Blackstone Group LP’s Steve Schwarzman said his firm may double assets under management to $800 billion over the next five years as it expands into new investing areas.
“We have internal targets, plans, aspirations to basically double where we are, which would take us to $800 billion,” Schwarzman, the firm’s co-founder and chief executive officer, said in a Bloomberg TV interview in Riyadh on Wednesday. Asked whether the New York-based asset manager could be a trillion-dollar firm, he said: “That’s possible.”
Demand for alternative assets such as private equity and real estate has surged. Firms have raised record amounts of money as a seven-year rally in stock markets makes public equities expensive while bond yields continue to hover near historic lows.
Blackstone, the world’s largest manager of alternative assets, has more than doubled the amount overseen for clients since the middle of 2012, to $387 billion at the end of September. New business lines it’s pursued in recent years include private equity secondaries, tactical opportunities, core-plus property and real estate investment trusts.
Assets under management at Blackstone rose 4.4 percent in the third quarter, its fastest quarter-over-quarter growth since the start of 2015, as clients poured into strategies including tactical opportunities, Asian real estate, hedge funds and distressed debt, the firm said last week. Schwarzman has said he expects Blackstone’s assets to continue rising in the fourth quarter. The firm is raising money for its new infrastructure fund, and it’s making a foray into early-stage growth investing.
“Part of what we do is start new businesses, new investing areas,” Schwarzman, 70, said in the interview. “We’re not in the asset-gathering business. We’re in the return-providing business.”
Shares of Blackstone dipped 0.8 percent to $34.32 as of 10:27 a.m. in New York, giving the asset manager a market value of about $41 billion.
The firm has been among the beneficiaries of Saudi Arabia’s plan to become an investing powerhouse and reduce its reliance on oil. In May, Blackstone received a commitment of as much as $20 billion for infrastructure deals from the kingdom’s Public Investment Fund.

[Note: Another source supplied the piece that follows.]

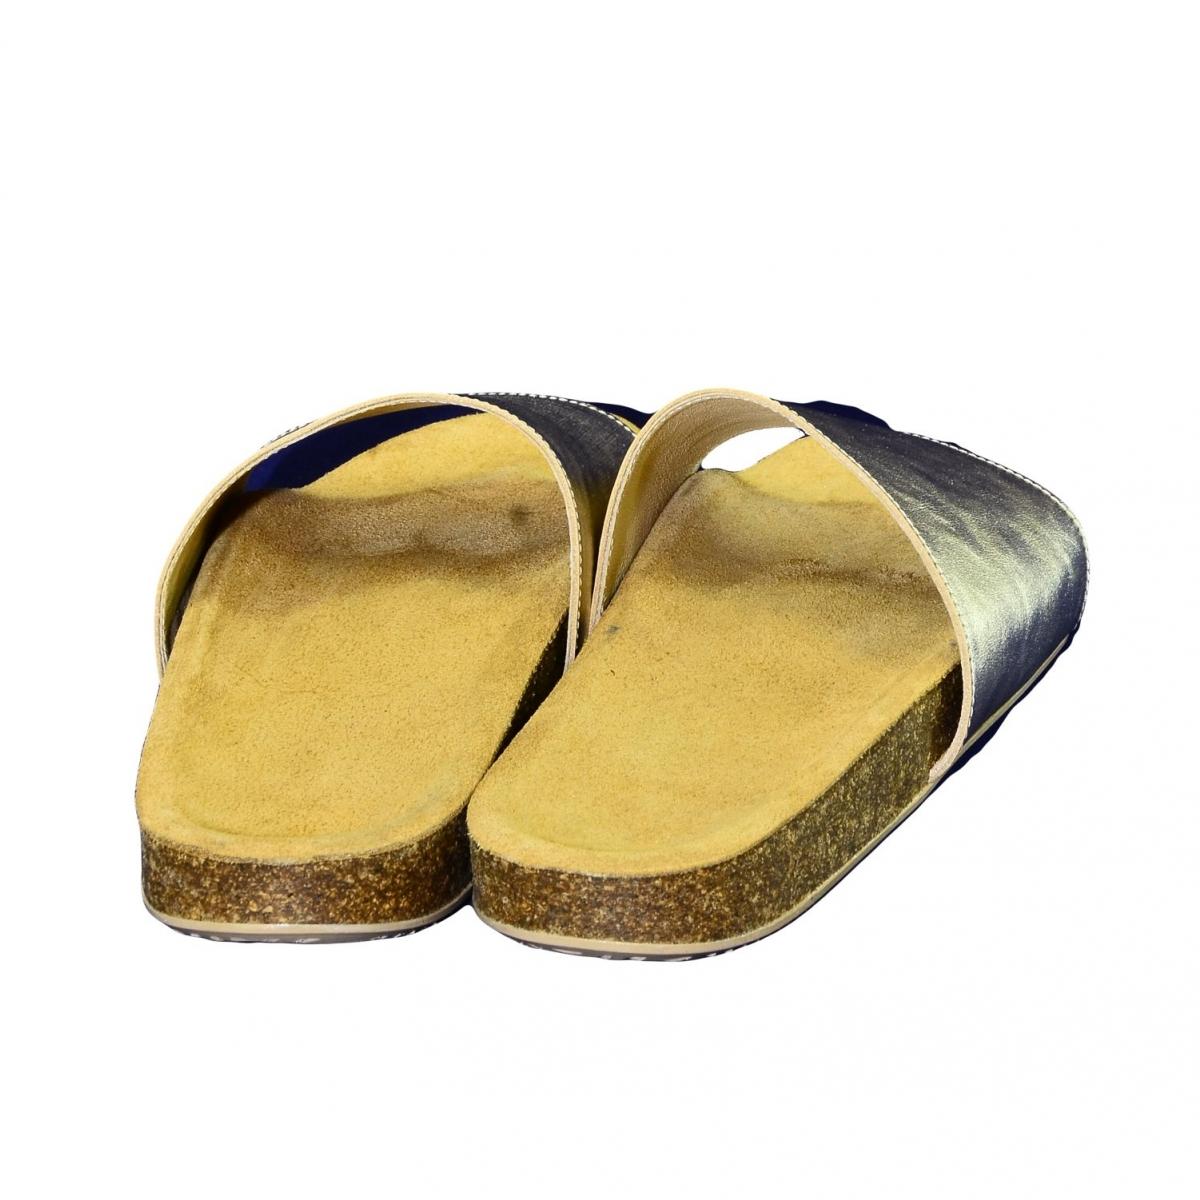 d5ec8c0dde6b4 Dámske zlaté kožené šľapky ALBINIA - 4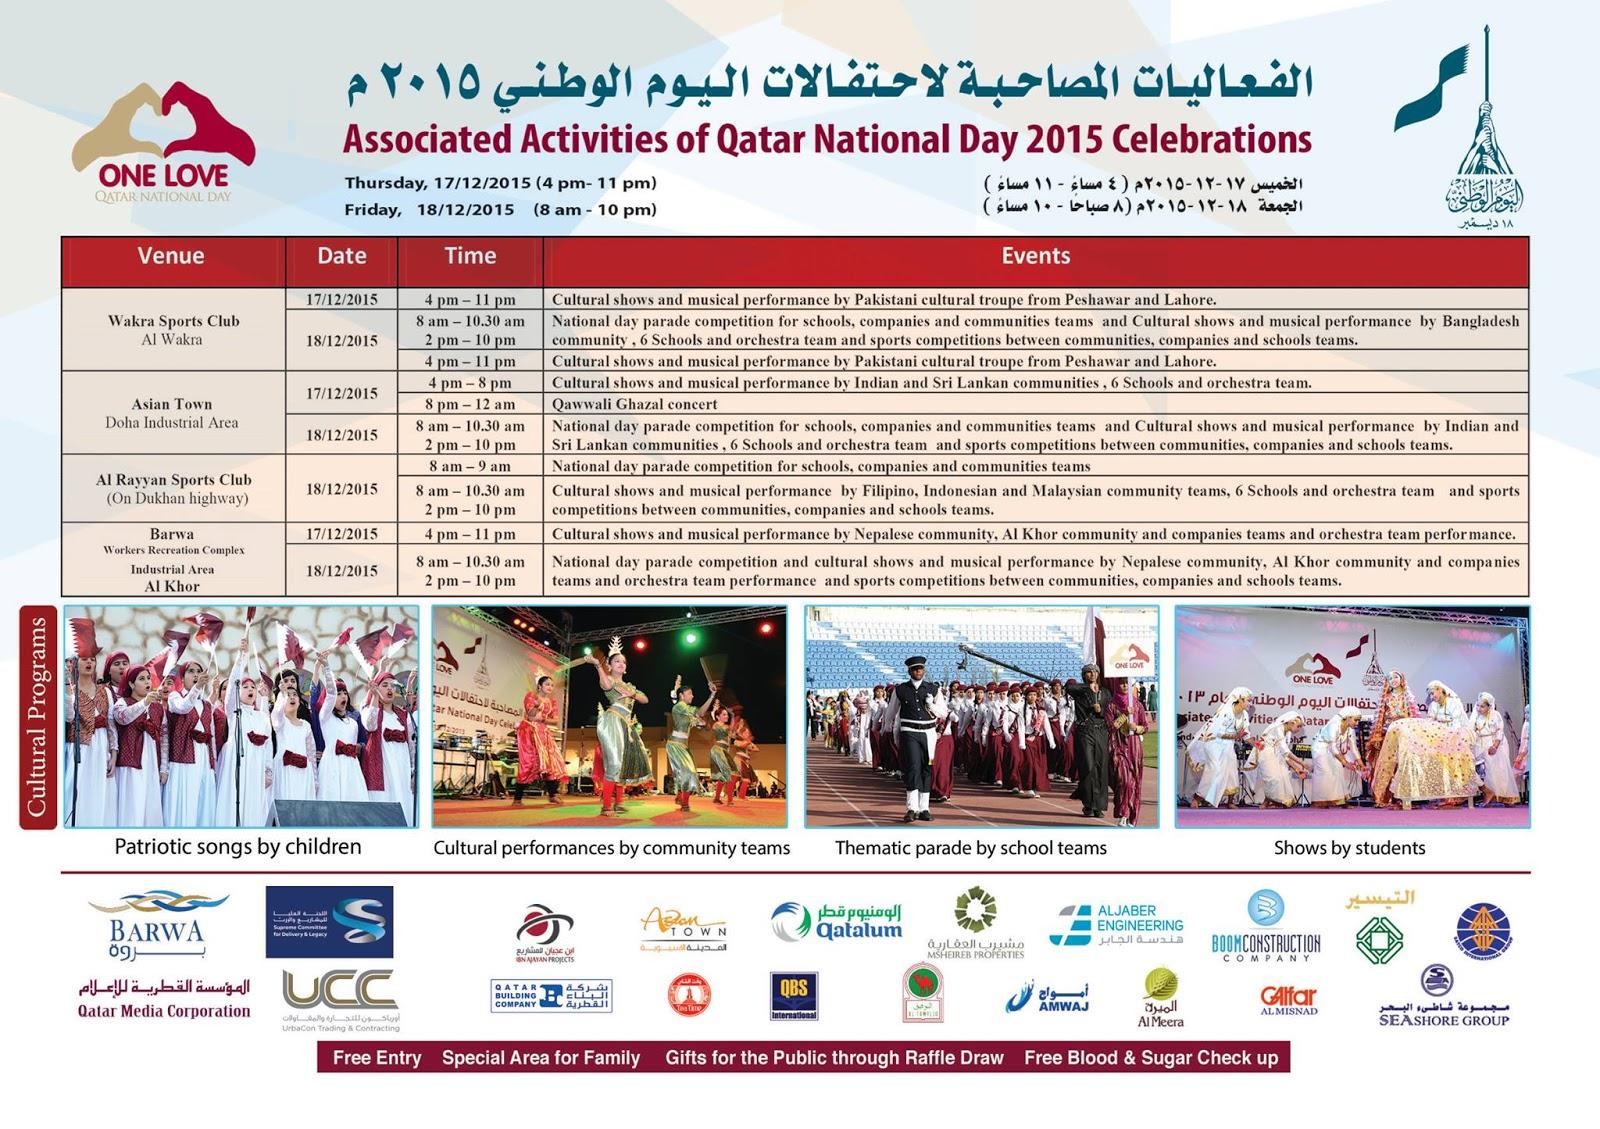 Qatar National Day 2015

The firm added an additional $10 billion this month with the acquisition of energy investor Harvest Fund Advisors.
“When you have pension funds, sovereign wealth funds that have an allocation to private assets of low single digits, if they decide to increase it even by 10 to 20 percent, it’s having a huge impact on the sector growth,” said Tomasz Grzelak, an analyst at Baader Helvea AG in Zurich.
Schwarzman said he’s a “great believer in scale” because it allows his company to operate globally and attract talent. His firm gave birth to the world’s largest asset manager when it sold a mortgage-securities unit run by Laurence D. Fink in 1994. Fink turned that business into BlackRock Inc., which now oversees about $6 trillion for clients. Schwarzman said in 2013 that his decision to let Fink go was a “heroic mistake.”
Still, Blackstone manages more than $100 billion more than its next largest U.S.-based rival, Apollo Global Management LLC, which had $232 billion in assets as of June 30. Carlyle Group LP oversaw $170 billion at the end of June.
Peter Grauer, chairman of Bloomberg LP, is a non-executive director at Blackstone.